Baby blue. A multinational study led by researchers at the University of Leicester, UK, has deciphered how genetics influence visual development in developing babies’ eyes – more specifically looking at genes associated with arrested development of the fovea (1). They investigated a cohort of almost one thousand people with confirmed genetic disorders associated with foveal hypoplasia - classifying how foveal development correlates to genotype and the visual outcome.
Extending family. NEI researchers have identified a novel early-onset macular dystrophy that occurs as a result of new mutations in the gene TIMP3, already known to be associated with the disease (2). These new mutations were not in the mature protein, but in the signal peptide preventing the immature protein from being cleaved.
Marked targets. Fibroblasts from primary open angle glaucoma patients were reprogrammed into stem cells and differentiated to form a model of the retina and optic nerve to identify unknown genetic markers of glaucoma (3). 312 genetic variants were associated with the target retinal cells and 97 genetic clusters were linked to glaucoma caused damage.
Pixel by pixel. A machine learning model uses a pixel stratification approach to comprehensively reconstruct and examine the vitreous anatomy in 3D. The technique produces high quality 3D movies, similar to triamcinolone-assisted vitrectomy or postmortem dye injection (4). By examining the vitreous structure beyond the vitreoretinal interface there are applications for many macular diseases and diabetic retinopathy. The approach uses swept source OCT (SS-OCT) scans that are analyzed through Fiji (is just image J) to stack into cubic voxels. After processing the signals from the vitreous gel, spaces within, and interfaces between them, two classes of “Septa” and “Other” were defined - these pixels were assigned to either of the classes, which in turn trained the classifier system.
Intelligent reclassification. A new proposed framework for classifying diabetic retinopathy uses OCT and OCT-A with AI to provide specialized classification, all under one imaging modality (5).
Safe but inefficient. An early LHON clinical trial shows that gene therapy treatment trial is safe but not effective at improving or slowing vision loss (6).

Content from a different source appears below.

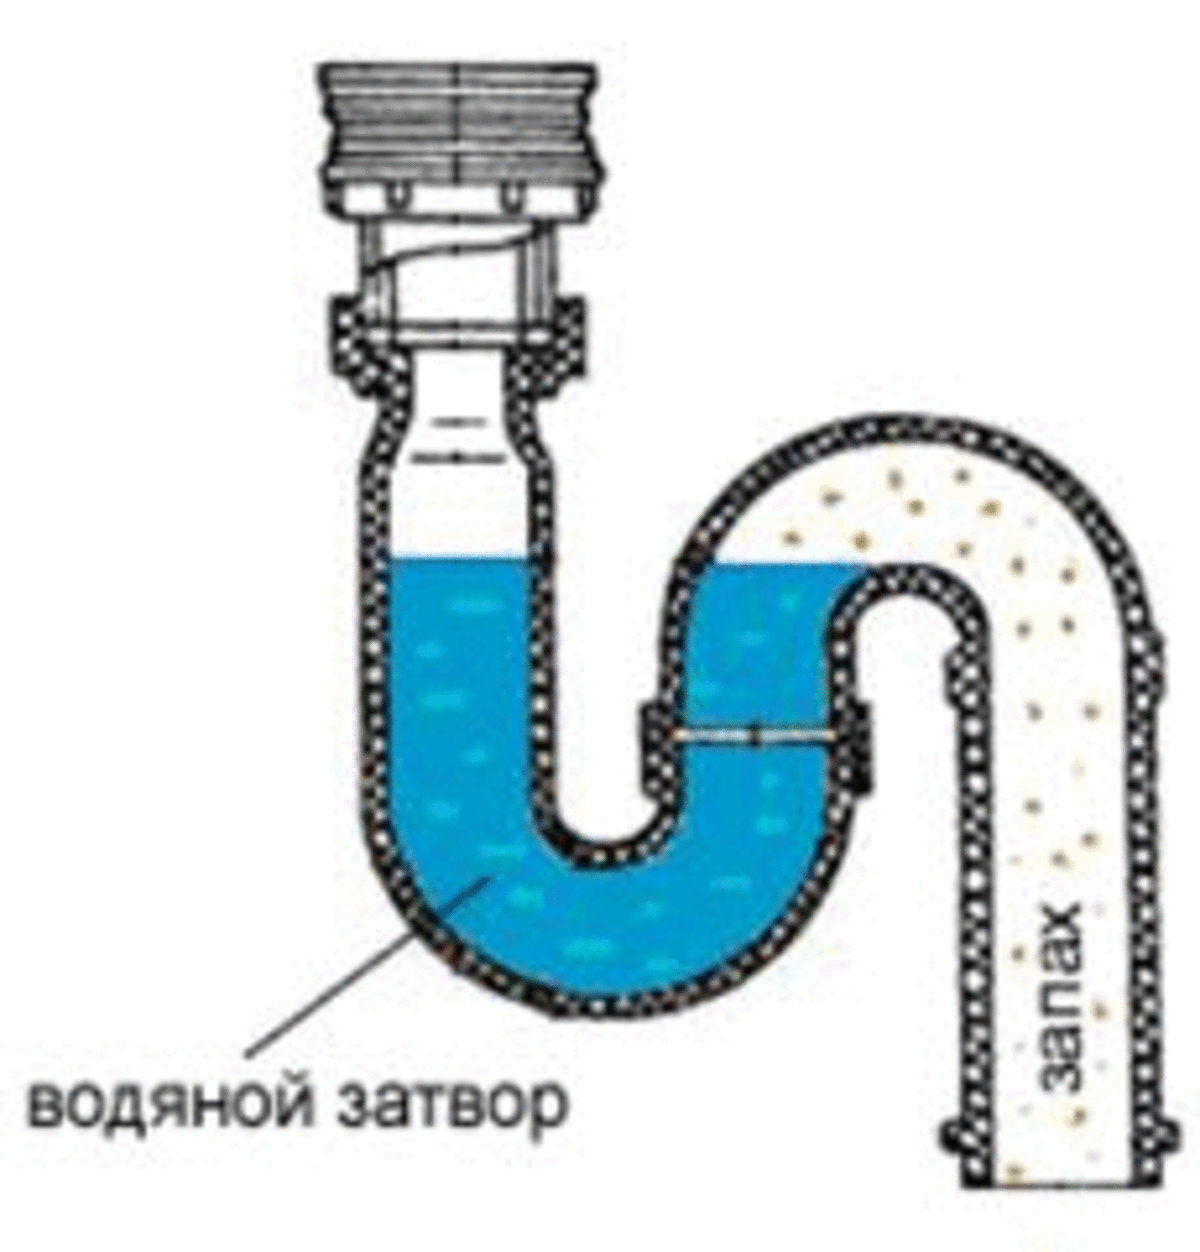 Гидрозатворы для канализации и особенности их работы

Plateau in progress. Although visual impairment in adults with diabetes was in decline since 2000, this may have plateaued from 2012 (7). The study performed by the CDC provides insights into vision impairment in adults with diabetes.
Through thick and thin. Retinal nerve fiber layer thickness is associated with cognitive function and subsequent cognitive decline (8). This information could be applied to OCT eye tests as a predictive biomarker for cognitive function in older patients.
References
- HJ Kuht et al., Ophthalmology, 129, 708 (2022). PMID: 35157951.
- B Guan et al., JAMA Ophthalmol, 140, 730 (2022). PMID: 35679059.
- M Daniszewski et al., Cell Genomics, 2, 8 (2022). Doi: 10.1016/j.xgen.2022.100142.
- A Thi et al., Transl Vis Sci Technol, 11, 3 (2022). PMID: 35802368.
- P Zang et al., Transl Vis Sci Technol, 11, 10 (2022). PMID: 35822949.
- BL Lam et al., Am J Ophthalmol, S0002-9394, 00088 (2022). PMID: 35271811.
- EA Lundeen et al., Poster Presentation at ADA (2022). Available at: https://bit.ly/3z9dRuv.
- HM Kim et al., JAMA Ophthalmol, 140, 683 (2022). PMID: 35616950.